- Born: 1951 (age 74–75)
- Education: University of Wisconsin-Madison
- Known for: Work in the areas of helicases and single stranded DNA binding proteins
- Awards: Marvin A. Brennecke Professor of Biological Chemistry
- Scientific career
- Fields: Biophysics, Physical Chemistry
- Workplaces: Washington University in St.
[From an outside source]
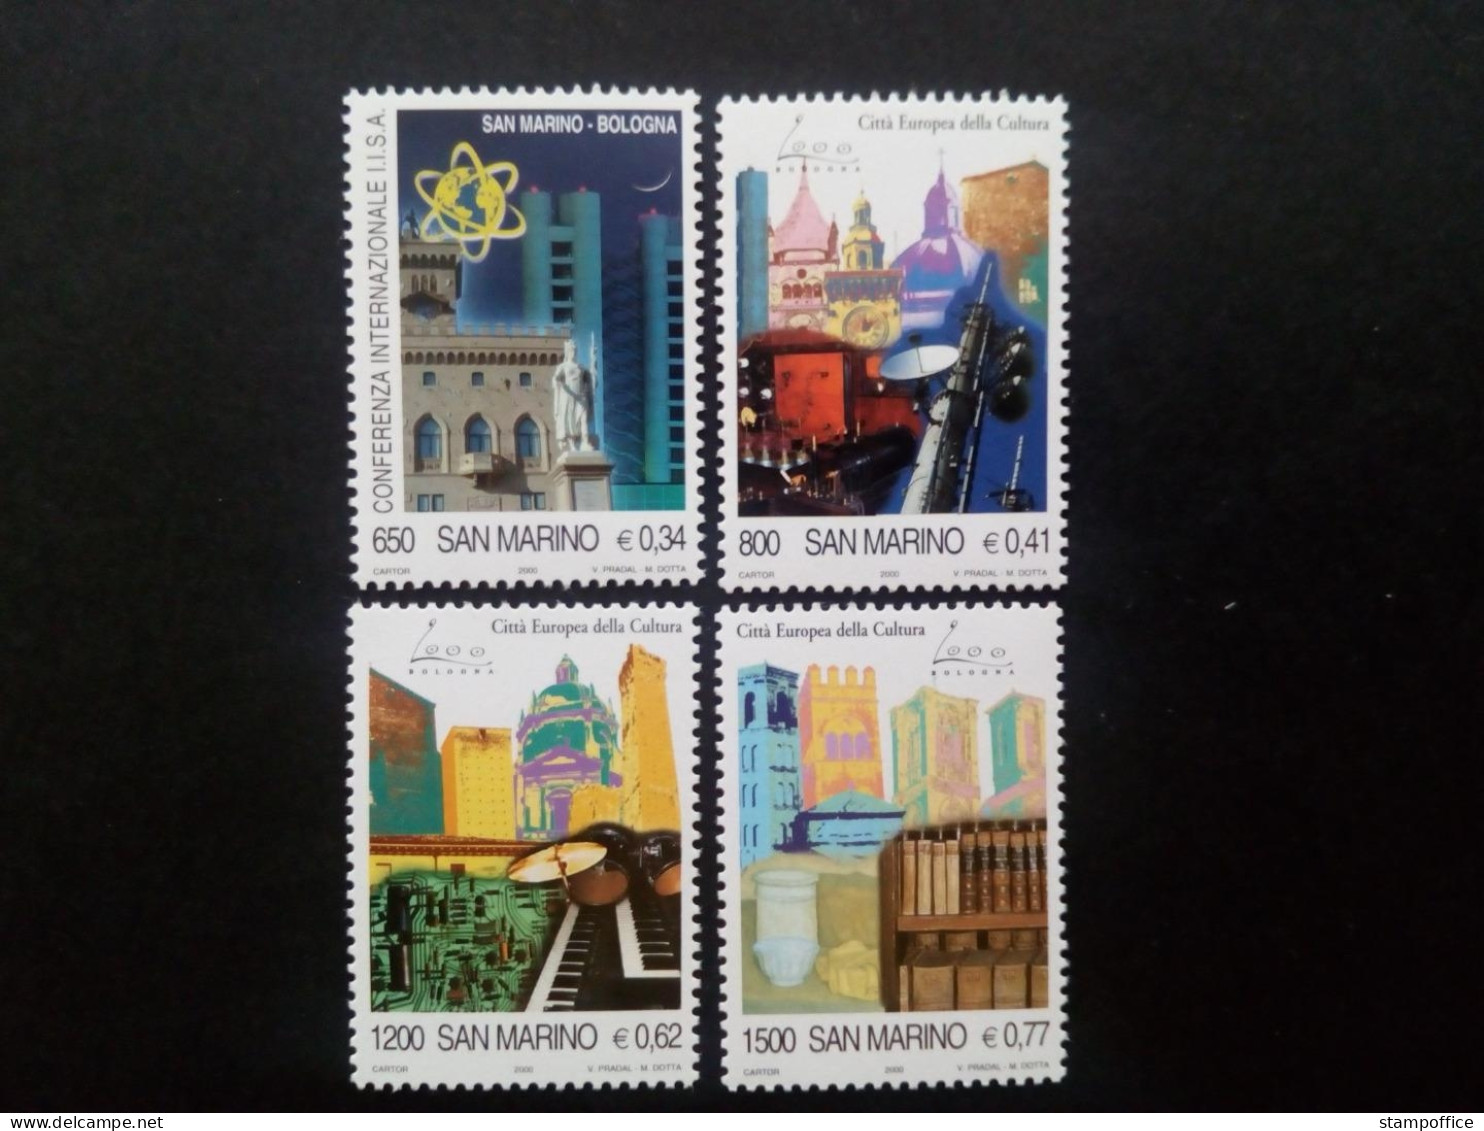 SAN MARINO MI-NR. 1886-1889 POSTFRISCH(MINT) BOLOGNA KULTURSTADT EUROPAS 2000 - Unused Stamps
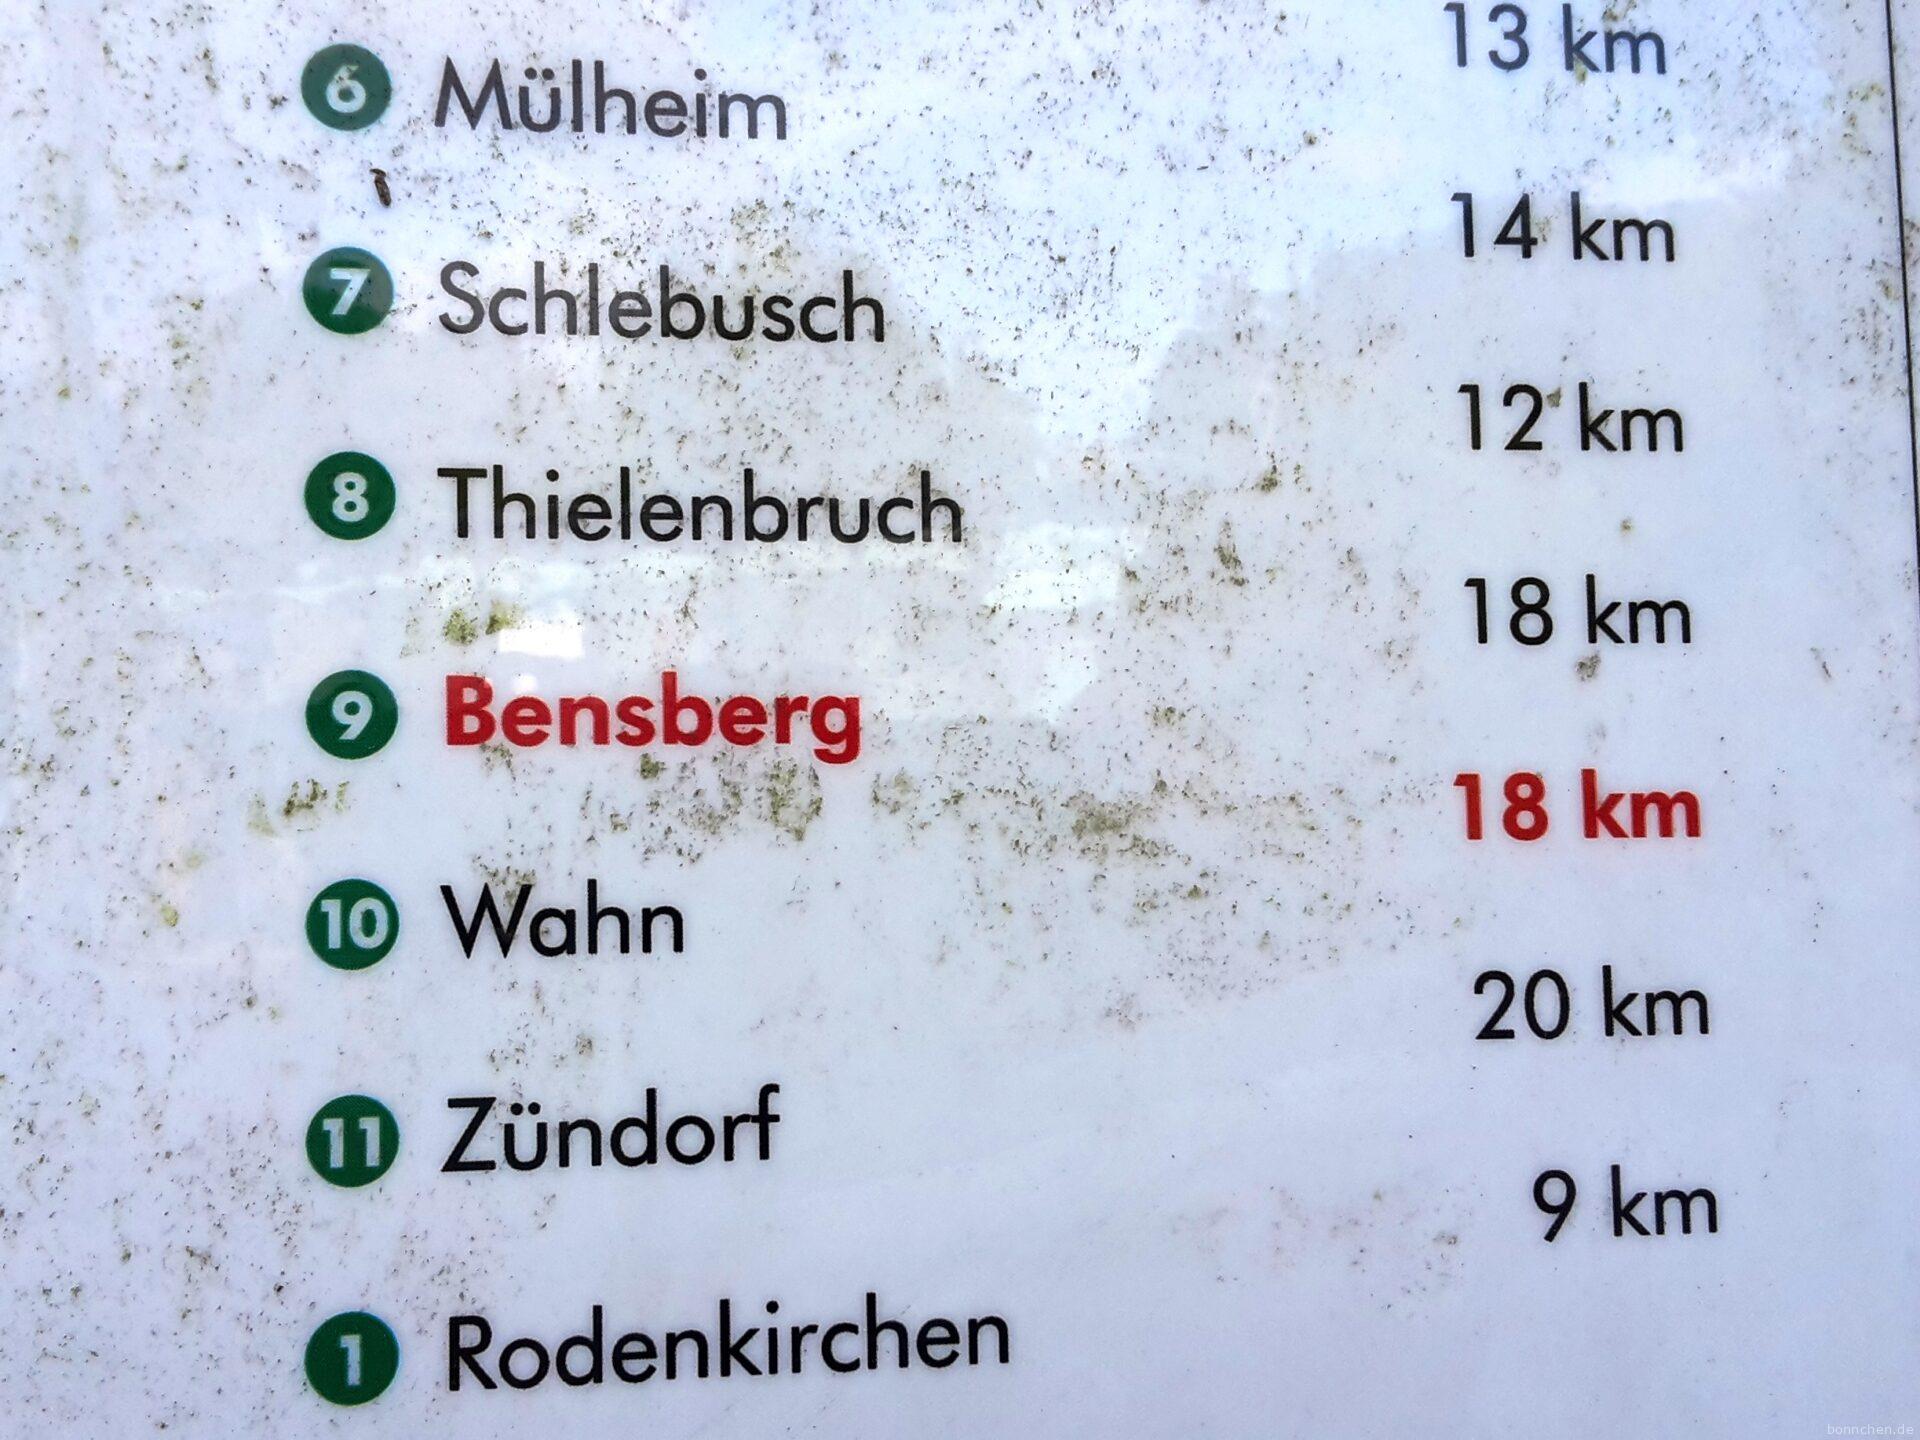 Kölnpfad Etappe 9 nach Bensberg in 18 km

Louis
- Doctoral advisor: Tom Record

= Timothy M. Lohman =

American chemist

Timothy M. Lohman (born 1951) earned his Ph.D. in physical chemistry from the University of Wisconsin-Madison in 1977. After completing his Ph.D., he furthered his training with postdoctoral research at the University of California and the University of Oregon. He is currently a professor in the department of biochemistry and molecular biophysics at the Washington University School of Medicine. He has been named to the position of Marvin A. Brennecke Professor of Biological Chemistry and in 2008 served as president of the Gibbs Society of Biological Thermodynamics.
He will be giving the second annual Gary K. Ackers Lecture at the 24th annual meeting of the Gibbs Society of Biological Thermodynamics.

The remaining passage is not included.